George Filer, a retired Major and Eastern Region Director for the Mutual UFO Network, compiles UFO events every week. In April 2002, he published a report of a UFO in Oklahoma:

LAWTON – Investigator Jim Hickman reports on the Flying Triangle-MUFON Case #1-774 that took place on March 11, 2002. Jim received a sighting report from “Joe W.” taken near Lawton with a fairly strange photo attached. Dr. Bruce Maccabee, agreed to conduct the photo analysis and asks what could this craft have been? It certainly doesn’t seem to be any military device or any type of object normally in the sky. Internally lighted blimps seem like very strange objects at night, but they have a distinctive shape. (There was a rash of blimp sightings and videos back in the early 1990s, so we have video “data” on the types of images they make…nothing like this.) Hence, unless someone has a better idea, I would have to classify this as a True UFO (TRUFO), which might be some sort of Alien Flying Craft (AFC) (or two such craft)?

All evidence pointed towards the Lawton Triangle being a true UFO, probably an alien flying his craft over the skies of Oklahoma. Or at least that was the conclusion of MUFON’s esteemed investigators when they saw this image:

What solid proof! Look at that strangely familiar red light, floating around in a void that provides absolutely no frame of reference, so judging its distance and size is impossible. You can read the full “report” here.

In May 2002, Filer’s Files published another report of the same event.

FORT SILL — Jim Hickman reports that on May 20, 2002, “TJ” was out on the Quanah Range on Fort Sill earlier tonight, and saw the strangest objects in the sky that he ever saw! TJ reports, “The nature of my job requires that I carry a camera in my vehicle for documenting accidents and incidents on Fort Sill training areas, so I was able to get a picture of the objects.” When I got home, I started searching the web trying to figure out who I should report this to, since I’m definitely NOT going to report this to the military authorities. If I did I’d probably end my career real fast. When I came across your website I almost fell out of my chair! The Lawton Triangle picture is almost exactly like the objects I saw, and Lawton is just south of Fort Sill where I saw these objects! Is this bizarre or what? TJ continues, “I was looking west when I first spotted the objects low to the ground behind some tall trees.” At first I thought they were the lights from military vehicles. “Then suddenly these lights shot straight up in the sky and just hovered for a minute or so.” I just sat there dumbfounded for a moment when it suddenly dawned on me that I should take a picture.
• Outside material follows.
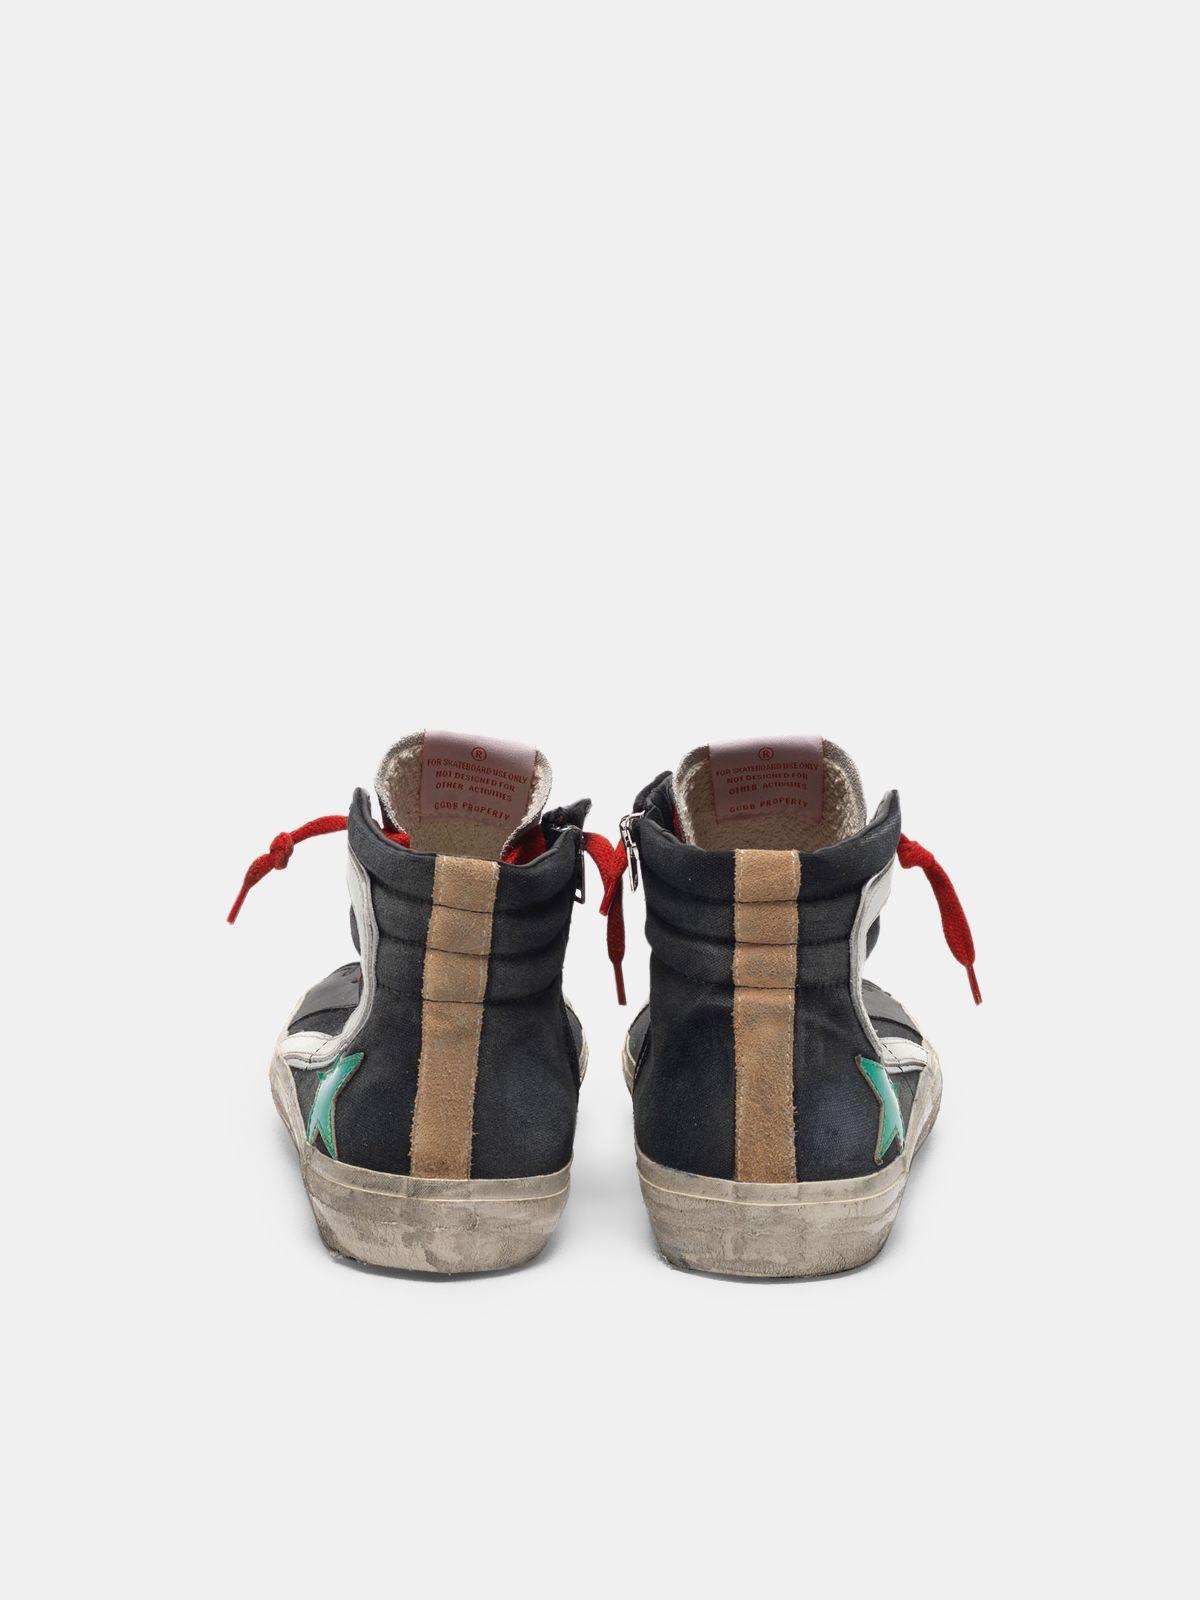 Golden Goose - Black Slide sneakers in canvas with metallic green star in

MUFON’s Dr Bruce Maccabee’s comments on the new photo: “WOW! Got to pull out all the stops on this one! A rare event, two photos of the same (apparently) thing! The numbers of lights at the corners may agree (do agree at two corners) and the shape of the red “car” is as I had predicted (the left and right outlines of the “car” in the Lawton photo would be the actual shapes of the left and right sides of the red UFO image if photographed without camera smear).”

If there are two similar pictures of this event – well, that’s some proof. We have to conclude that there are UFOs over Lawton, Oklahoma because –

So where these images “True UFOs” or “Alien Flying Craft” of some sort? No… In reality these pictures were nothing more than a picture of Microsoft Optical Mouse taken with the room lights and camera flash turned off!

IT WAS A MOUSE

THEY CONCLUDED A GLOWING MOUSE IN A DARK ROOM WAS A “TRUE UFO”

These weren’t some random people. One was a “regional director” for MUFON. Another investigator mentioned, Bruce Maccabee, is a well-known UFOlogist and former physicist. MUFON has its own TV show, called Hangar 1. It claims to reveal stories from their “UFO files”. THESE ARE THEIR FILES. We’re literally reading MUFON’s files, and they conclude that a mouse in a dark room is a “true UFO”.

Jim Hickman, who investigated the second sighting, planned to go on a radio show in September 2003 to explain how he “uncovered” the hoax. When the hoaxer called in to say that they revealed it themselves and Hickman didn’t expose anything, Hickman mysteriously failed to show for his interview. Apparently, it wasn’t the first time he failed to show. You can download the audio clips off the hoaxer’s page, and the radio host wonders why he was given a second chance.

In 2002, a man fooled UFOlogy’s Top Minds. And it didn’t take much: just a mouse hanging off a chair in a dark room.

Via Museum of Hoaxes.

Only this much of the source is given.